This interactivity will only work on the HTML version of the slides, not PDF.

Why R?

Pros

  • exposure to R in Statistics prerequisite course
  • Rich Ecosystem
  • Reproducibility
  • Textbook

Cons

  • Steep learning curve
  • Performance
  • Package Quality
  • Limited Industry Adoption

Lab Delivery

  • Labs will be held in person; students must be enrolled in a lab (which cannot conflict with other courses)

  • TAs provide guidance on carrying out analyses in R for the techniques discussed in lecture.

  • Knowledge of commands and programming techniques will be evaluated throughout the course.

  • Follow the instructions carefully and practice skills by completing (and redoing!) labs and assignments

Textbook

The main textbook reference for this course is:

ISLR: An Introduction to Statistical Learning with Applications in R (Second Edition). By: Gareth James, Daniela Witten, Trevor Hastie, Robert Tibshirani.

This book is available for free at statlearning.com; see resources here.

A secondary (less referenced) textbook is:

ESL: The Elements of Statistical Learning: data mining, inference, and prediction, 2nd edition. By: Hastie, Tibshirani, Friedman.
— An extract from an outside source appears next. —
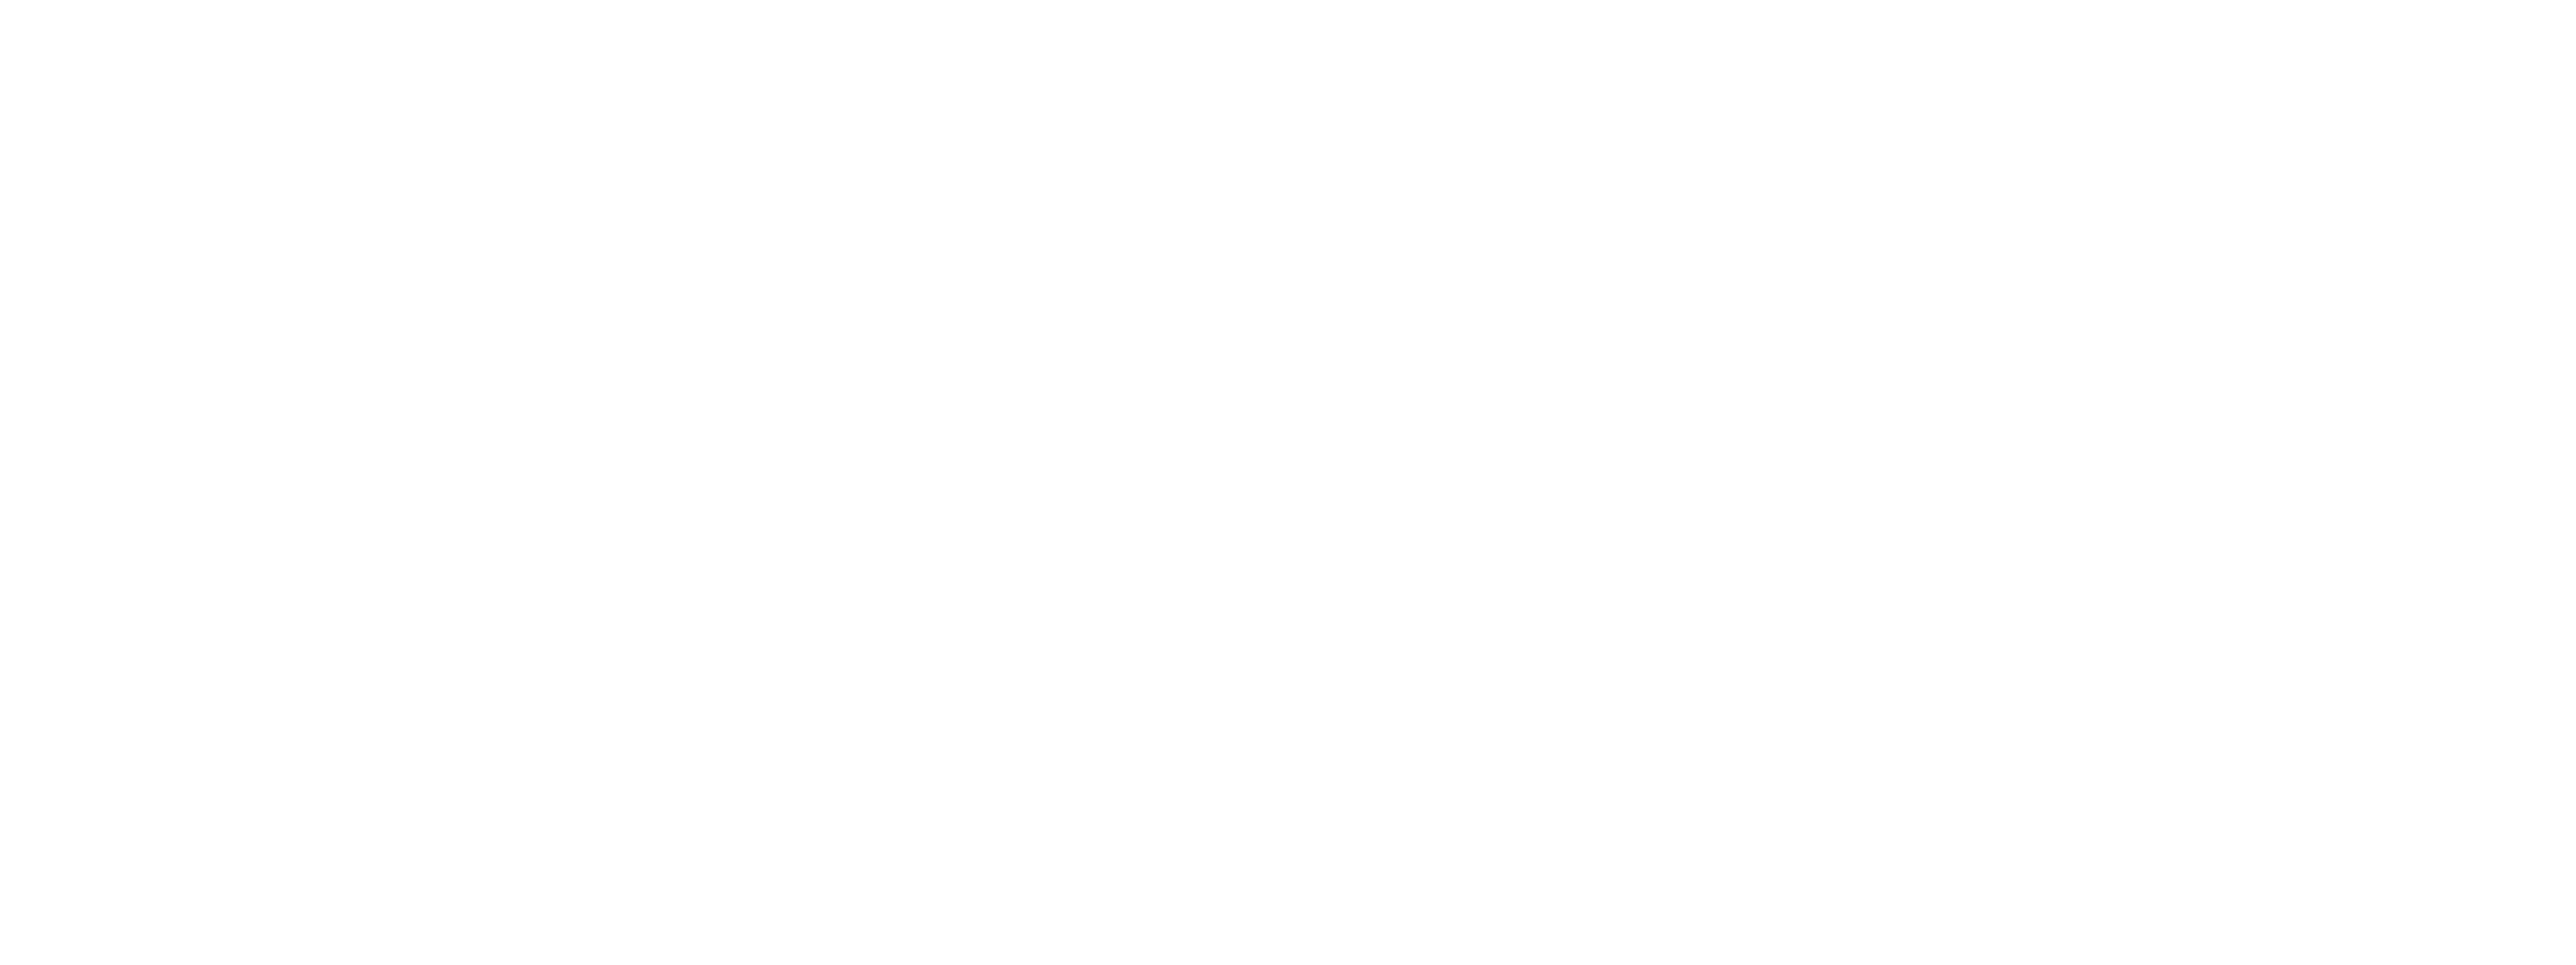 Flyer Films

Can be downloaded for free at: hastie.su.domains/ElemStatLearn.

Lecture format

  • Slides will occasionally be supplemented with handwritten material.
  • Aside for doodling, substantial written material will be done digitally (on my iPad) and uploaded to Canvas.
  • Lectures may also include discussions which you will only gain access to by attending class.
  • You will not get the whole story by reading the slides!

Class Etiquette

  1. Please be respectful, especially to other students
  2. Please be present. Attendance will not be taken, but you are encouraged to come and learn together.
  3. Please restrict the use of electronic devices to course related material; other content could be distracting.
  4. Please be forgiving; instructors are people too, we will make mistakes.

Course Questions

In class

  • If you are stuck on a concept during lecture, please feel free to raise your hand and ask for clarification.
  • If you are needing help understanding something, chances are, other students are too!
  • I will do my best to answer questions on the fly or organize a more thoughtful answer to be presented first thing next class or posted to Canvas.

Course Questions

Outside of class

Outside of class, the general order in which I would suggest you asking course-related questions is:

  1. Consult the course syllabus
  2. Post your question on the public forum on Canvas*
  3. Come see me during student hours or visit your TA during lab (whichever comes first)
  4. e-mail (weekdays are best)

Machine Learning

Machine learning (ML) is a subfield of artificial intelligence (AI) that uses algorithms and statistical models to learn from data to perform complex tasks.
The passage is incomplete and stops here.